See also e.g., Malivuk v. Ameripark, LLC, 694 Fed.Appx. 705, 706-707 (11th Cir. 2017) (same); P&k Rest. Ent., LLC v. Jackson, 758 Fed.Appx. 844, 847-848 (11th Cir. 2019).

         However, for an employer to be able to claim the tip credit, the employer must establish that the tipped employee was informed about the tip credit. As stated in Pellon v. Business Rep. Int., Inc., 528 F.Supp.2d 1306, 1309-1310 (S.D. Fla. 2007), aff'd 291 Fed.Appx. 310 (11th Cir. 2008) (per curiam) (emphasis added):

…The difference between the amount an employee must be paid under the minimum wage law and the amount directly paid to a tipped employee is commonly referred to as a “tip credit.” See 29 U.S.C. § 203(m); 29 C.F.R. § 531.51. The tip credit is not an exemption; instead, it is set forth in the definition of the required minimum wage.
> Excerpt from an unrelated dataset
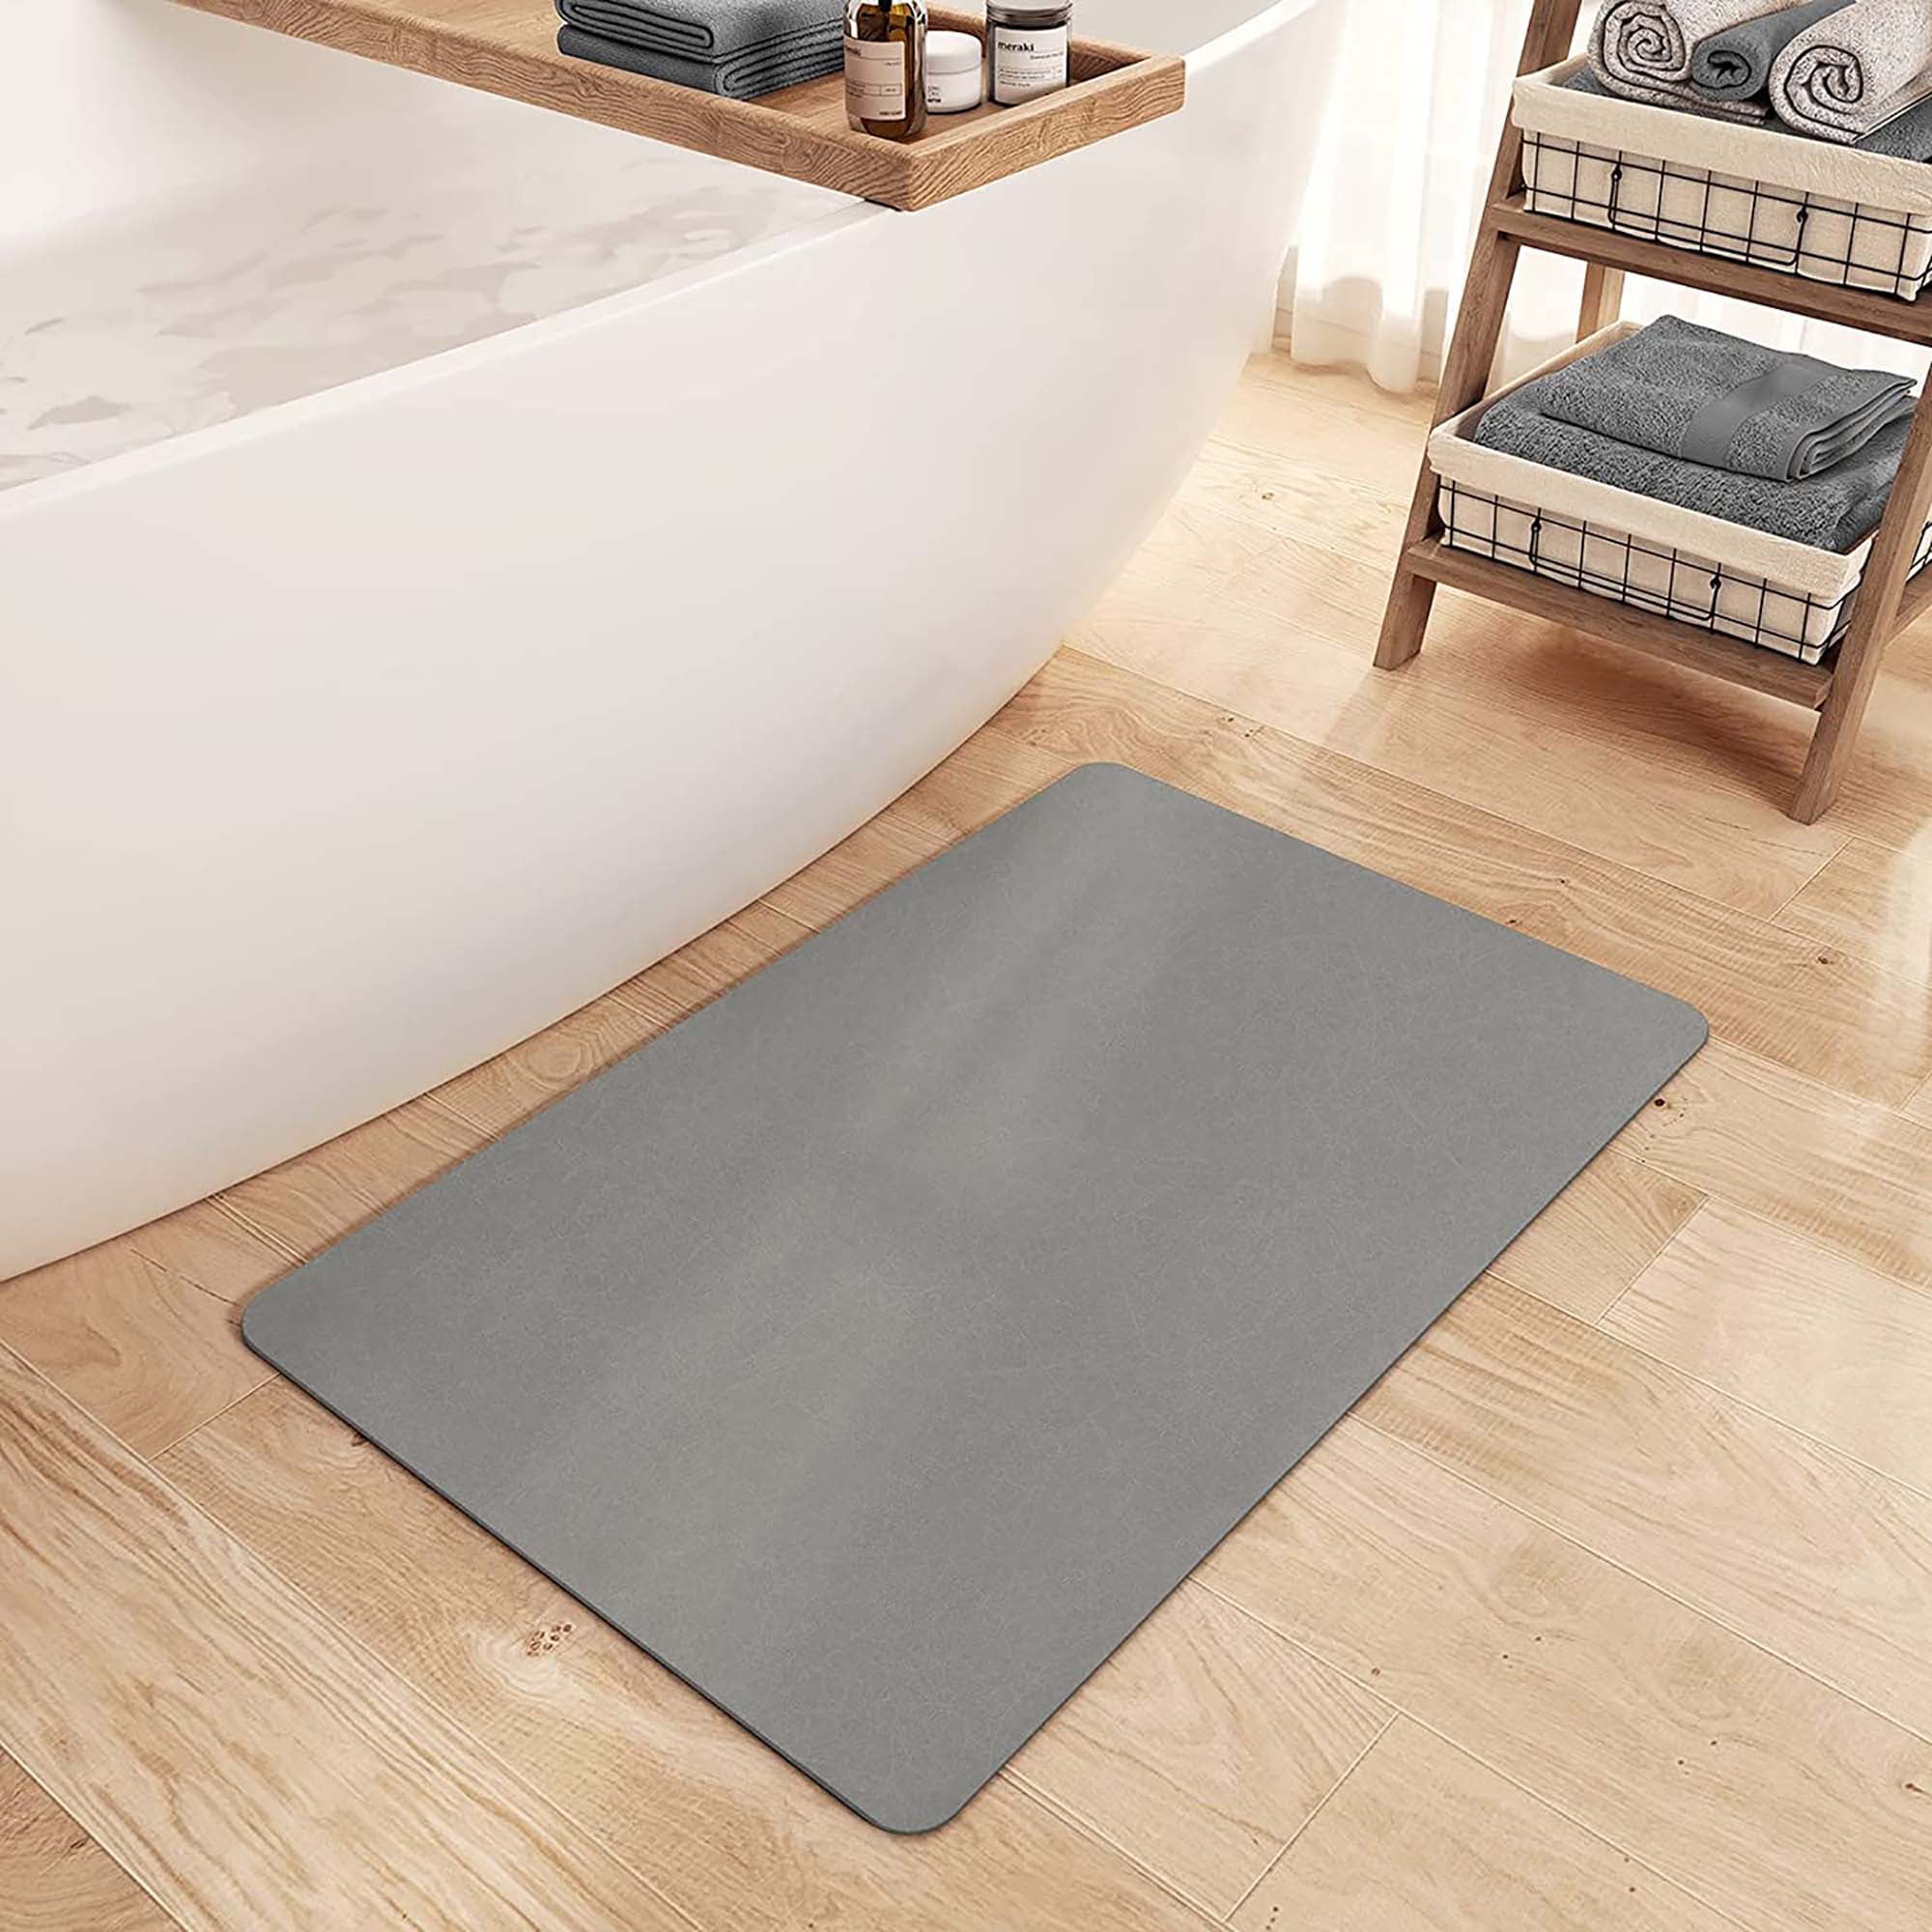 Thickened Bath Mat, Foot Wiping Mat, 23.6 x 15.7 x 1.2 inches, Quick Drying,  Absorbent, Anti-Slip, Fluffy, Antibacterial, Odor Resistant, Entrance Mat,  Bathroom, Kitchen, Washable

The following requirements must be met to satisfy Section 203(m): (1) the tip credit must be claimed for qualified tipped employees; (2) the employees must receive proper notice of Section 203(m); and (3) all tips received by the employees must be retained by them.

         Section 203(m)(2)(A) further provides that:

(2)(A) In determining the wage an employer is required to pay a tipped employee, the amount paid such employee by the employee's employer shall be an amount equal to--(i) the cash wage paid such employee which for purposes of such determination shall be not less than the cash wage required to be paid such an employee on August 20, 1996; and (ii) an additional amount on account of the tips received by such employee which amount is equal to the difference between the wage specified in clause (i) and the wage in effect under section 206(a)(1) of this title.
The additional amount on account of tips may not exceed the value of the tips actually received by an employee. The preceding 2 sentences shall not apply with respect to any tipped employee unless such employee has been informed by the employer of the provisions of this subsection, and all tips received by such employee have been retained by the employee, except that this subsection shall not be ...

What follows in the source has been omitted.